Старик глянул: черный, лохматый, страшный.

Пацаны громко захохотали, и только тогда Овсенька разглядел: в руке у пирата было не карманное зеркальце, а песья фотография. Хотел сплюнуть, да воздержался: вдруг обидятся?

Прежде чем вернуться к Пицце, он купил в киоске на Плешке бутылку водки. Вздыхая, считал и пересчитывал мятые денежки — но делать нечего: день рожденья. Да и настроение сделалось — выпить.

К вечеру Пицца включила электрообогреватель, и в вагончике стало душно.

С удовольствием наблюдая за ловкими движениями женщины, собиравшей на стол, старик неторопливо рассказывал о приключении в подворотне на Мясницкой.

— А Мишутка-то — с ножиком! — с восхищением сказал он. — Надо же! Мал, мал, да вон как за старого вступился. — Он запнулся и уставился на мальчика, вдруг издавшего странный горловой звук. — Ты чего, малый, а? Не плачь, Москва слезам не верит, да и времена…

— Времена…— Пицца вздохнула.— Поостерегся бы мальчишку таскать туда-сюда в такие-то времена. А ну пропадет? Ему десяти нет, а он с ножичком…

Старик согласно покивал.

— Конечно, конечно… Так ведь и дома сидеть — знаешь…

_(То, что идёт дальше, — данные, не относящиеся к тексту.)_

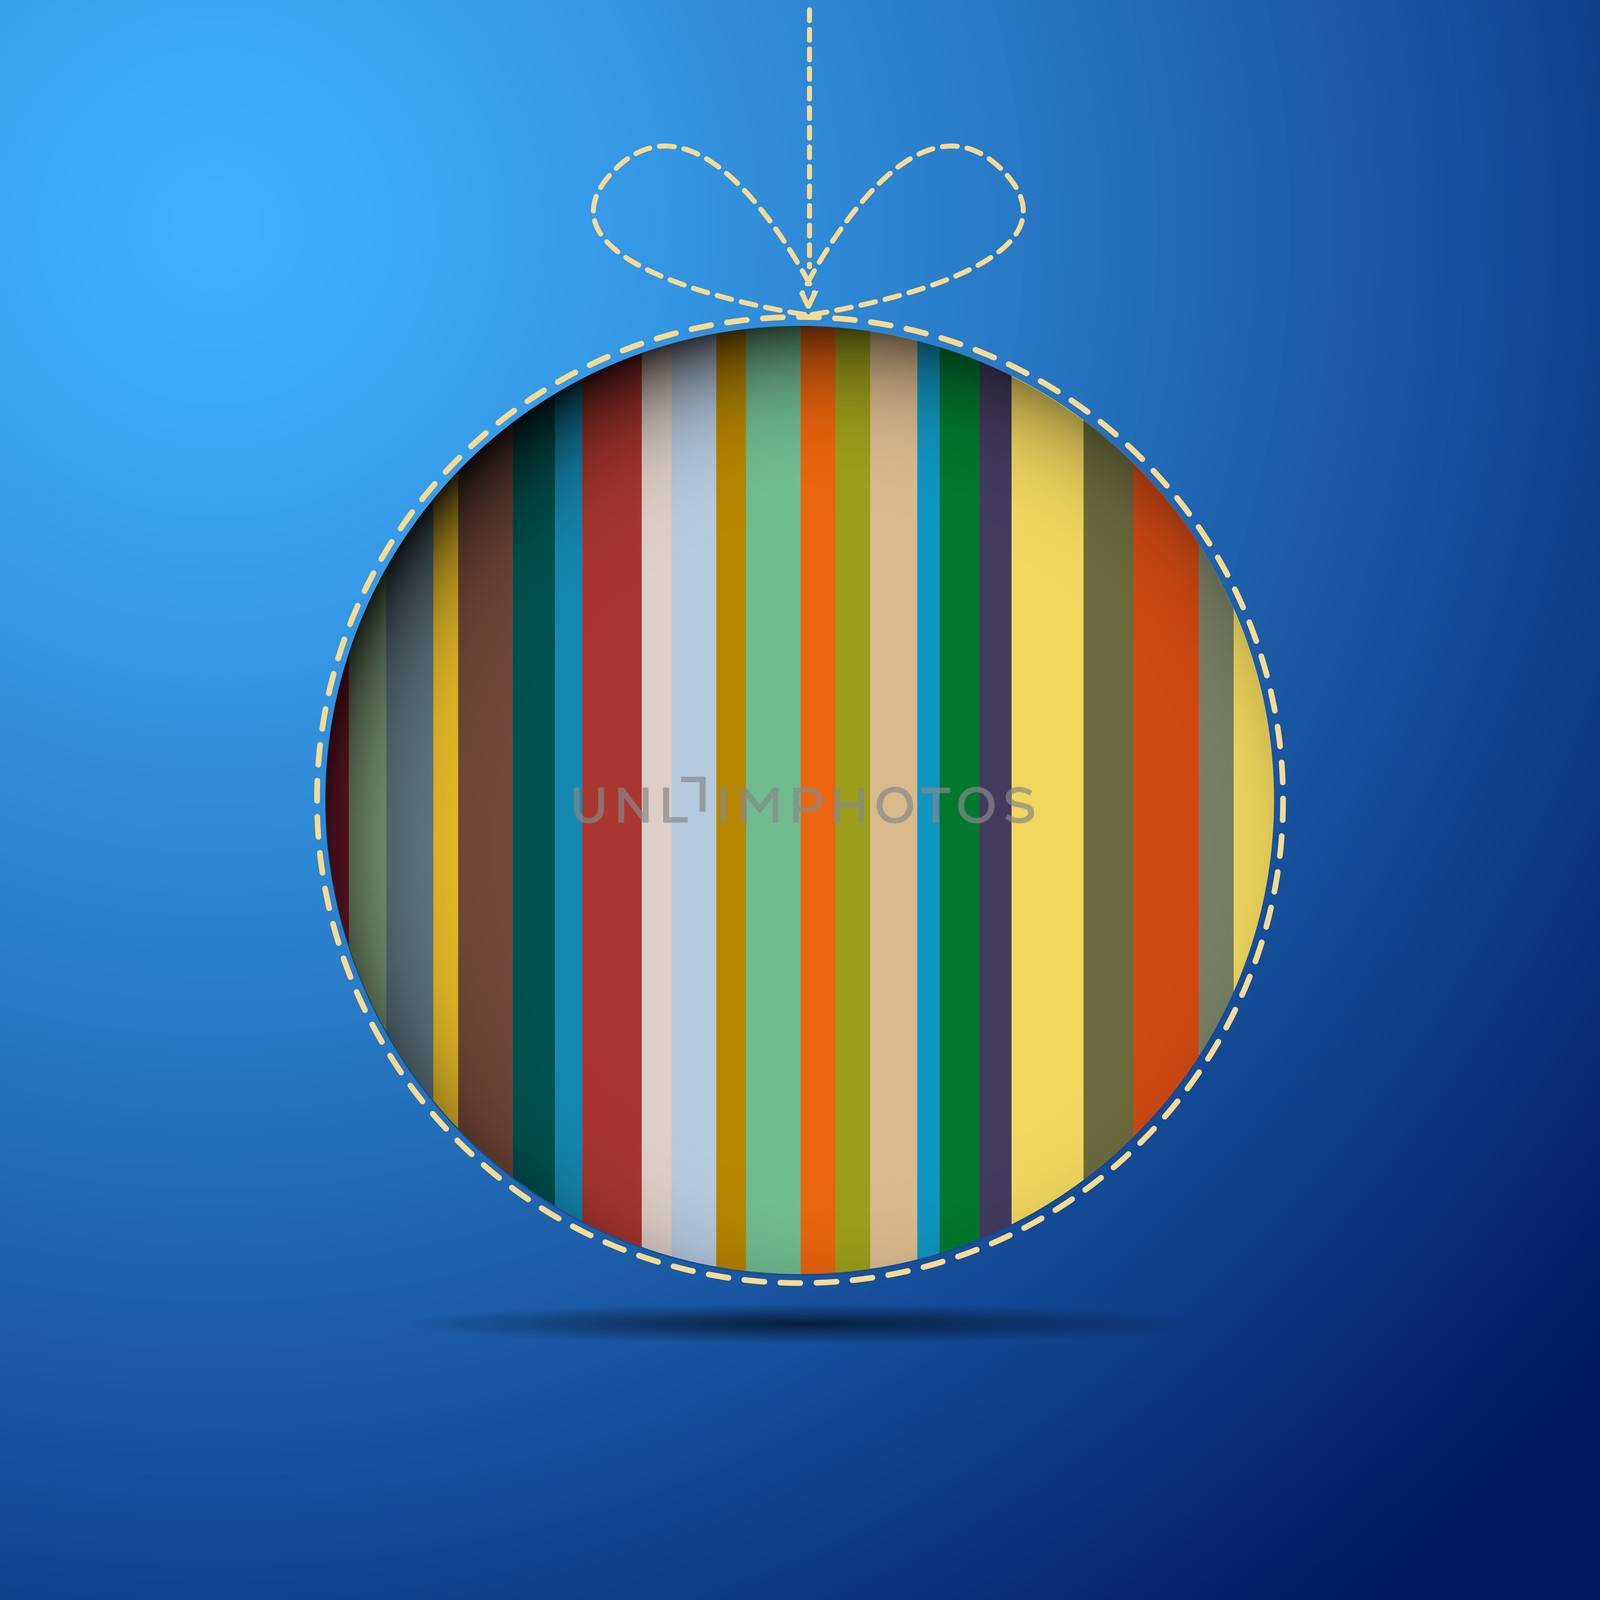 Colorful circle on a blue square background

Пицца снова вздохнула: знала.

Дверь распахнулась, из темноты раздался голос Синди:

— Помогите же, суки, втащить его!

Пицца с Овсенькой ухватились за толстые мужские руки и втянули большого человека в вагончик. Сзади его подталкивали Синди и Барби.

— На кой он вам сдался? — сердито спросила Пицца, разглядев на голове мужчины кровь. — Где подобрали?

Мужчина, рыкнув, с трудом перевернулся на бок и застонал. На нем было добротное пальто и дорогие ботинки.

— Во дворе валялся, — отдышавшись, объяснила Синди. — Там же холодища, еще сдохнет, ну и решили… да ладно тебе, не мурзись! — Присев на корточки, она быстро и умело обыскала мужика, сняла часы на золотом браслете, бросила на стол кожаный бумажник. — Ну вот…

Она вытащила из бумажника пачку денег и присвистнула.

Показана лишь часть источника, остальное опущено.